Hanno così trasformato lo sguardo verso il cielo, verso l'alto in uno sguardo in avanti, verso il futuro, hanno suscitato un patriottismo del mondo, hanno puntato sulla storia e sulla politica (spesso intesa come rivoluzione o trasformazione progressiva) quali strumenti di felicità collettive in questa terra. Hanno così sostituito la ricerca del Regno dei cieli sia con utopie, sia con progetti di lungo respiro. Hanno scoperto che l'eternità non è un tempo senza fine di godimenti, ma una pienezza vitale che può durare un attimo, ma qui, nell'unico nostro mondo. Essa è un momento in cui il tempo, che è come sabbia che fugge, si sospende. Noi siamo abituati a considerare l'eternità come un tempo lunghissimo, e quindi sulla base della durata, mentre da Plotino e Boezio in poi significa 'pienezza di vita' e può, appunto, durare un attimo (da 'atomo'). In questo senso, felicità ed eternità coincidono: sono al di fuori del tempo, e dalla dimensione malinconica e depressiva della caducità, per cui tutto passa e muore. In momenti culminanti la felicità ci fa sentire ed essere in sintonia e in amicizia con sé stessi.

Per dirla con una vecchia canzone di fine Settecento, sanno che plaisir d'amour ne dure qu'un moment, mentre chagrin d'amour dure toute la vie. Hanno abbassato le loro richieste e godono del possibile. Conservano quella indimostrabile speranza espressa da Borges nella Storia dell'eternità per cui «è vero che essa non è concepibile, ma non lo è neppure l'umile tempo successivo. Negare l'eternità, sopportare il vasto annientamento degli anni carichi di città, di fiumi, di gioie, non è meno incredibile che immaginare la loro completa salvazione […] La vita è troppo povera per non essere anche immortale».

Oggi, tuttavia, è giunto a conclusione un ciclo bicentenario di pensiero e di prassi che aveva attribuito alla politica una funzione salvifica, promettendo a popoli o classi una felicità futura grazie al suo innesto nel corso della storia. Inserendosi nella corrente degli eventi, cavalcandone la cresta dell'onda, sintonizzandosi su processi già in atto, seguendone la 'meccanica razionale', la politica pensava di fruire dell'energia ascensionale del movimento storico per giungere felicemente alla meta.

Ora pare che questo obiettivo non sia più conseguibile, che la ricerca della felicità individuale si sia ulteriormente staccata da quella della felicità collettiva, che ciascuno voglia pensare solo a sé stesso o ai suoi familiari e amici. L'avvenire, che appare sostanzialmente incerto, o addirittura pauroso (esaurirsi delle risorse, riscaldamento globale, fame per centinaia di milioni di persone, terrorismo) sembra sfuggire al controllo degli uomini e riporsi di nuovo, per molti, nelle mani di Dio.
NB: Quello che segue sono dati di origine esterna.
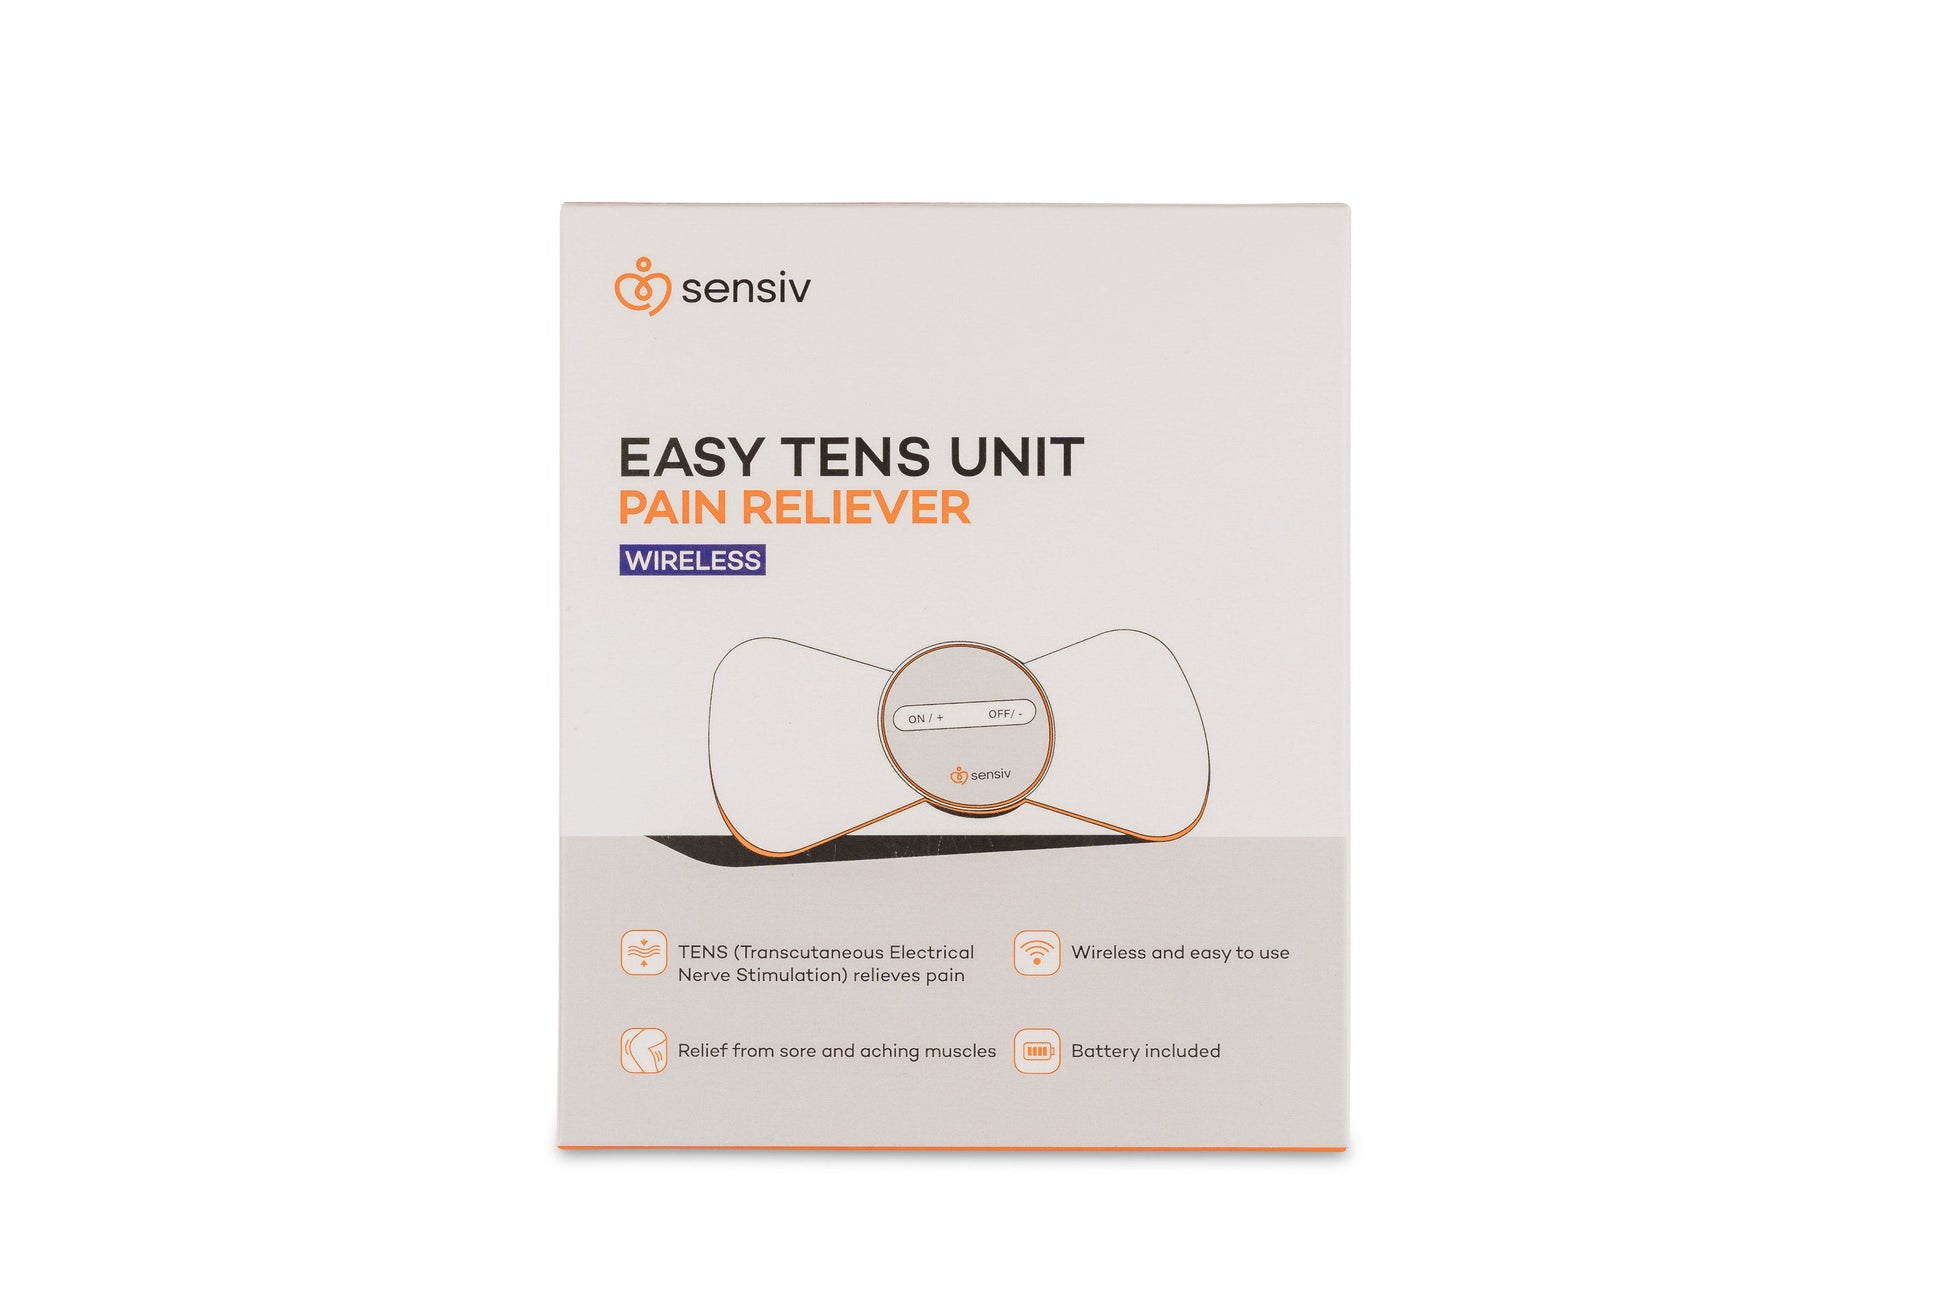 FSA-Approved Sensiv Tens Large Replacement Pads 2 Pack

La contrazione delle attese e delle speranze di largo respiro spinge le persone a concentrarsi sul presente. Questo significa, però, una desertificazione del futuro o una sua privatizzazione. Ciascuno si ritaglia una propria fetta di cielo. Si accorciano, così, i piani di vita dei singoli e si attenua la forza propulsiva delle istituzioni.

Se l'esistenza degli individui e delle comunità è improgrammabile nei tempi lunghi, se le promesse di paradisi terrestri illuminati dal sole dell'avvenire non si possono mantenere, la consapevolezza (o almeno il presentimento) di una vita migliore in comune spinge gli individui, schiacciati sul quotidiano, a perseguire soltanto una fragile felicità, che - per quanto effimera - può riempire ugualmente i momenti culminanti dell'esistenza.